OS grid ref:- NY368062
The tranquil and picturesque village of Rydal, overlooked by Loughrigg Fell, has changed very little since the days when Wordsworth lived at Rydal Mount which he rented from Lady de Flemming of Rydal Hall.
Rydal Mount and Rydal Hall
Wordsworth lived at Rydal Mount from 1813 until his death in 1850 and the house has now been lovingly restored to it's condition when the poet lived there. The house returned to the Wordsworth family in 1969, when Mary Henderson, nee Wordsworth, great-great grandaughter of William, bought Rydal Mount, opening it to the public the following year.

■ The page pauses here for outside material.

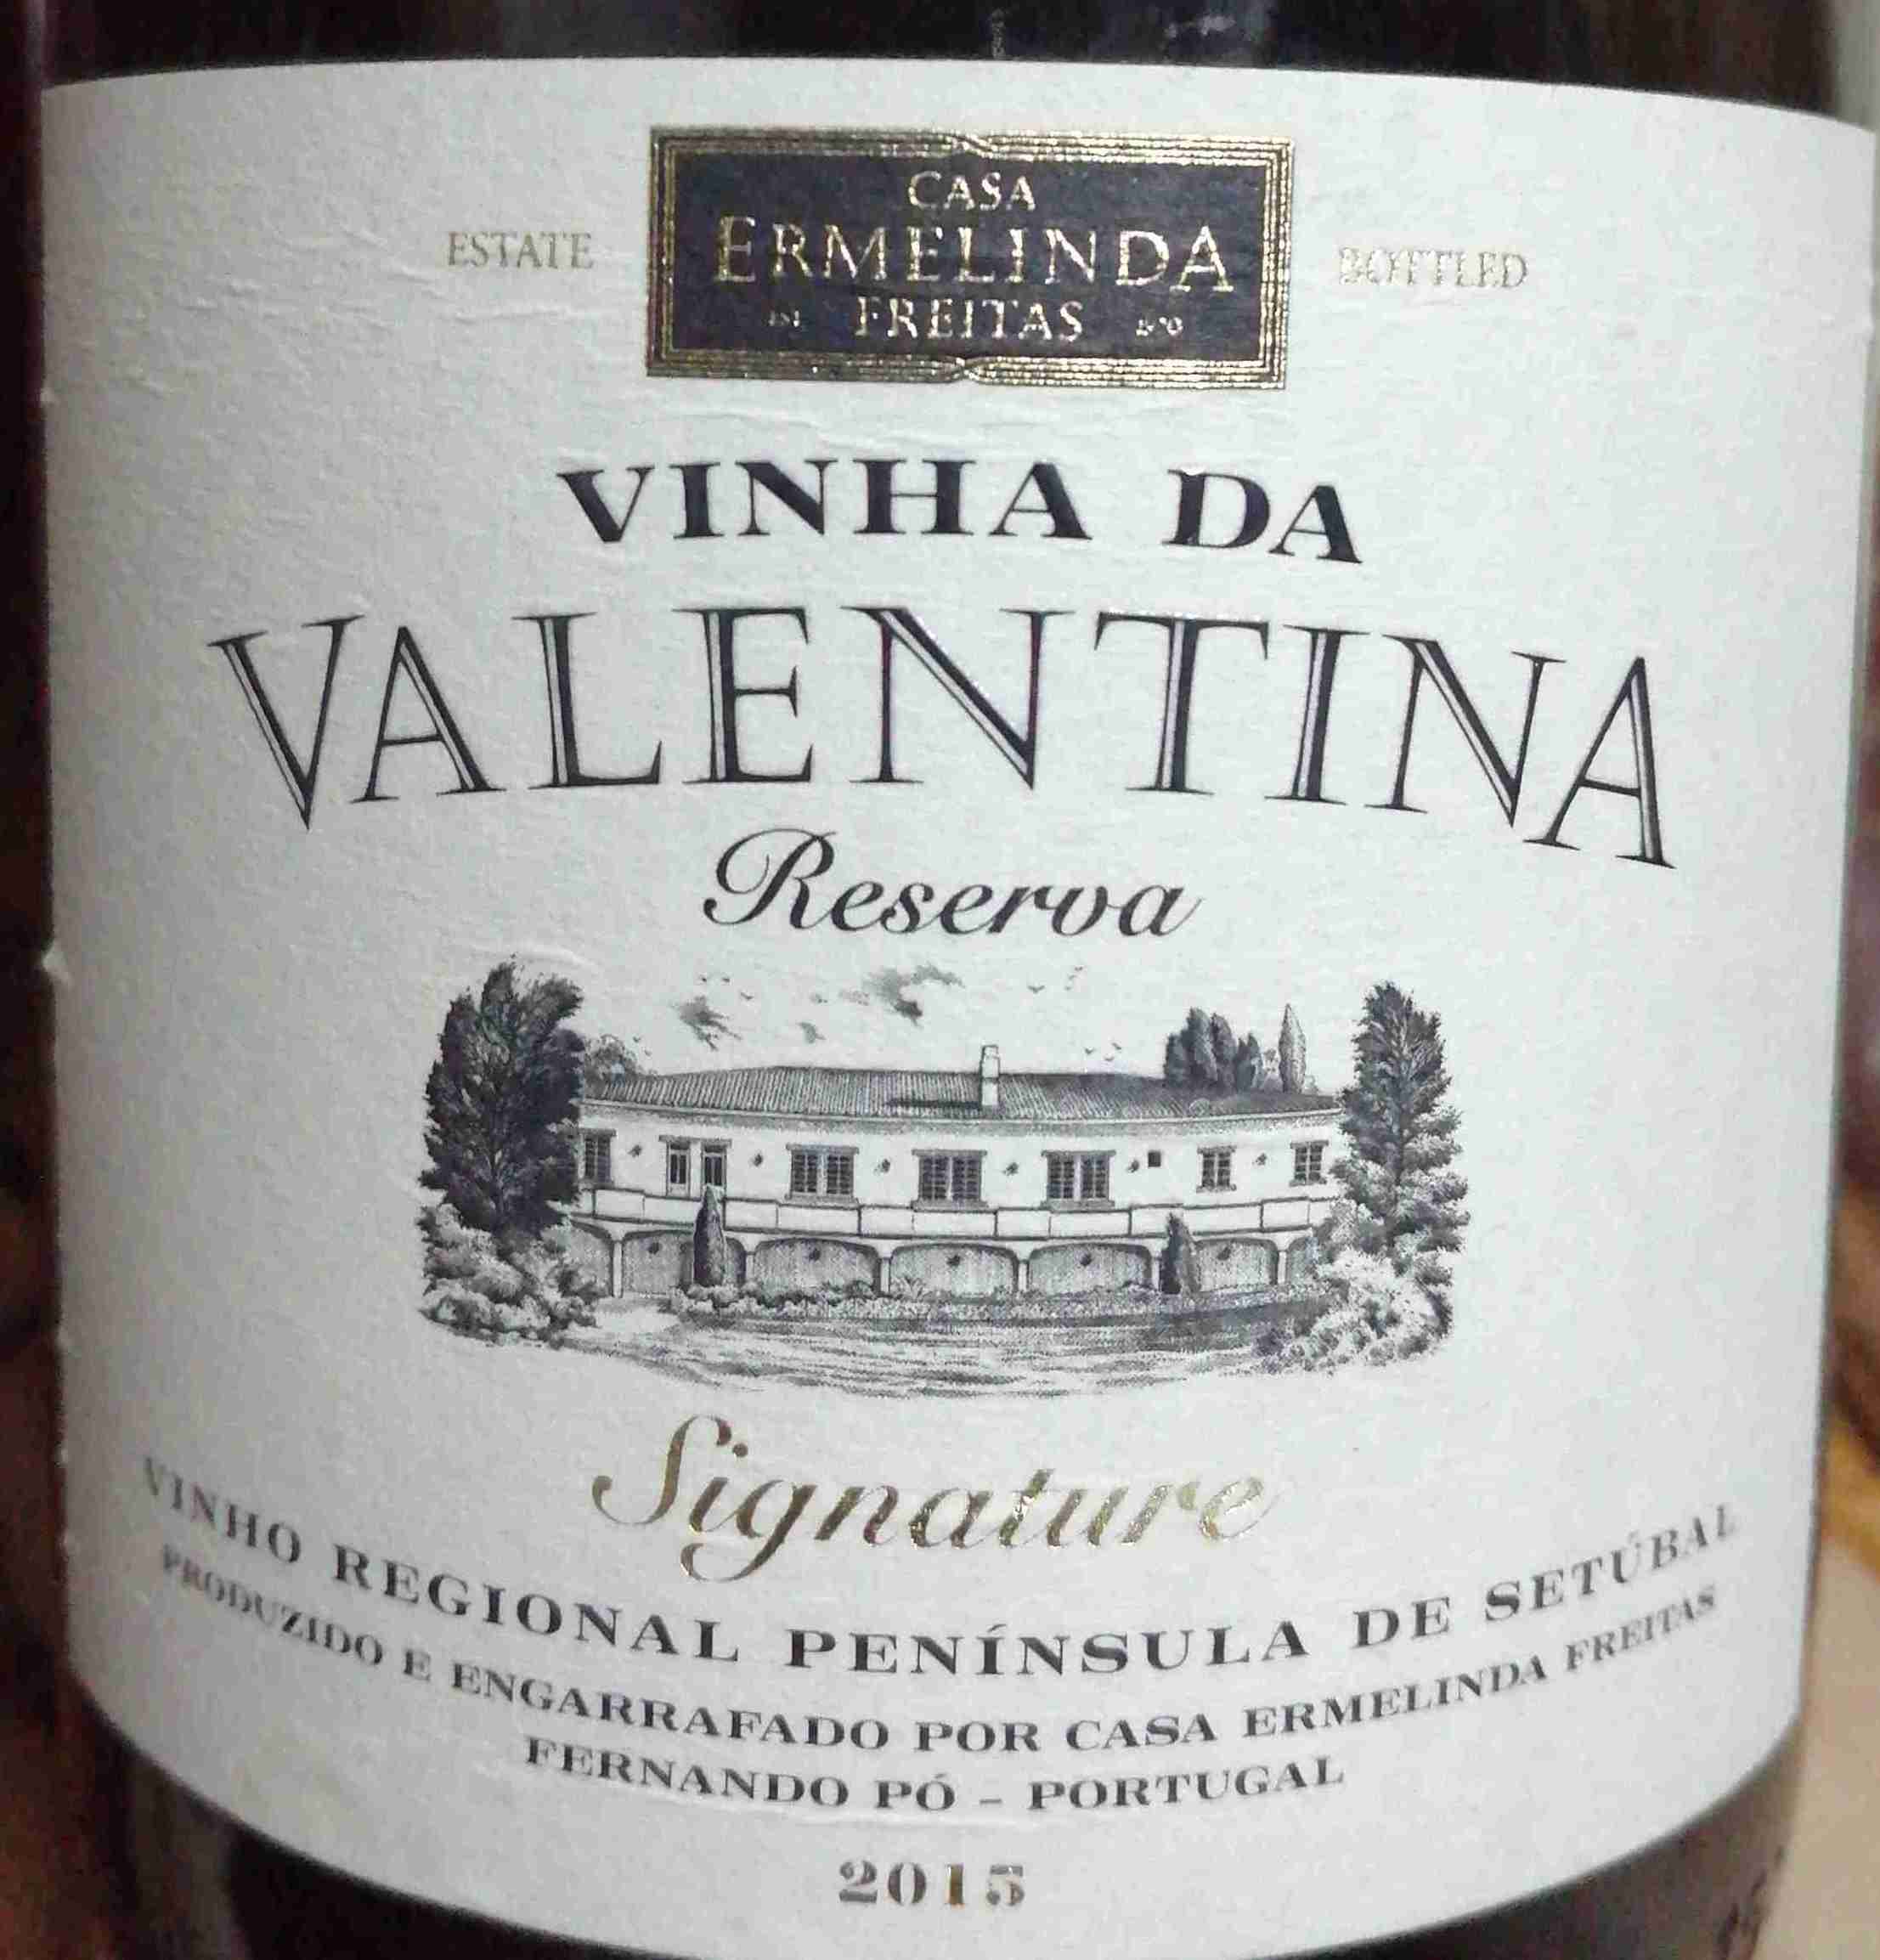 Casa Ermelinda Reserva Portugal-埃尔梅琳达·弗雷塔斯之家酒庄葡萄酒-价格-评价-中文名-红酒世界网 Signature Freitas Valentina da de Setubal, Vinha Peninsula Tinto

Rydal Hall is a two hundred year old Grade II listed building, owned by the Church of England Carlisle Diocese, which is now used for holidays and conferences. The attractive formal gardens which surround the halll are open to the public, admission is free, there is also a tea shop on the site
St. Mary's Church
Rydal's church, St. Mary's dates from 1824, it was built on rocky Nab Scar by Lady Anne le Fleming of Rydal Hall, the poet Wordsorth helped choose the site which was originaly an orchard. The the foundation stone was laid by Lady le Fleming in 1823 and the church was opened on Christmas Day 1824.
The poet was church warden 1833 - 1834, he and his family worshiped regularly in the church, which has a memorial plaque dedicated to his memory. The Church is open everyday for visitors.
Dora's field, adjacent to St. Mary's Church, which displays 'a host of golden daffodils' in the spring, was owned by Wordsworth.
He had planned to build a house on the site, but it was later given to his daughter, when she died in 1847 the heartbroken poet planted the hillside with daffodils in her memory. The field puts on a superb display of daffodils in early Spring and later, which are replaced with a carpet of bluebells in late Spring.
Dora's Field is now owned by the National Trust.
Rydal boasts many literary associations, Church Cottage is a highly picturesque building, with its quaint lattice windows and barrel shaped chimneys. The talented writer Hartley Coleridge, a close friend of the Wordsworths, lived at nearby Nab Cottage.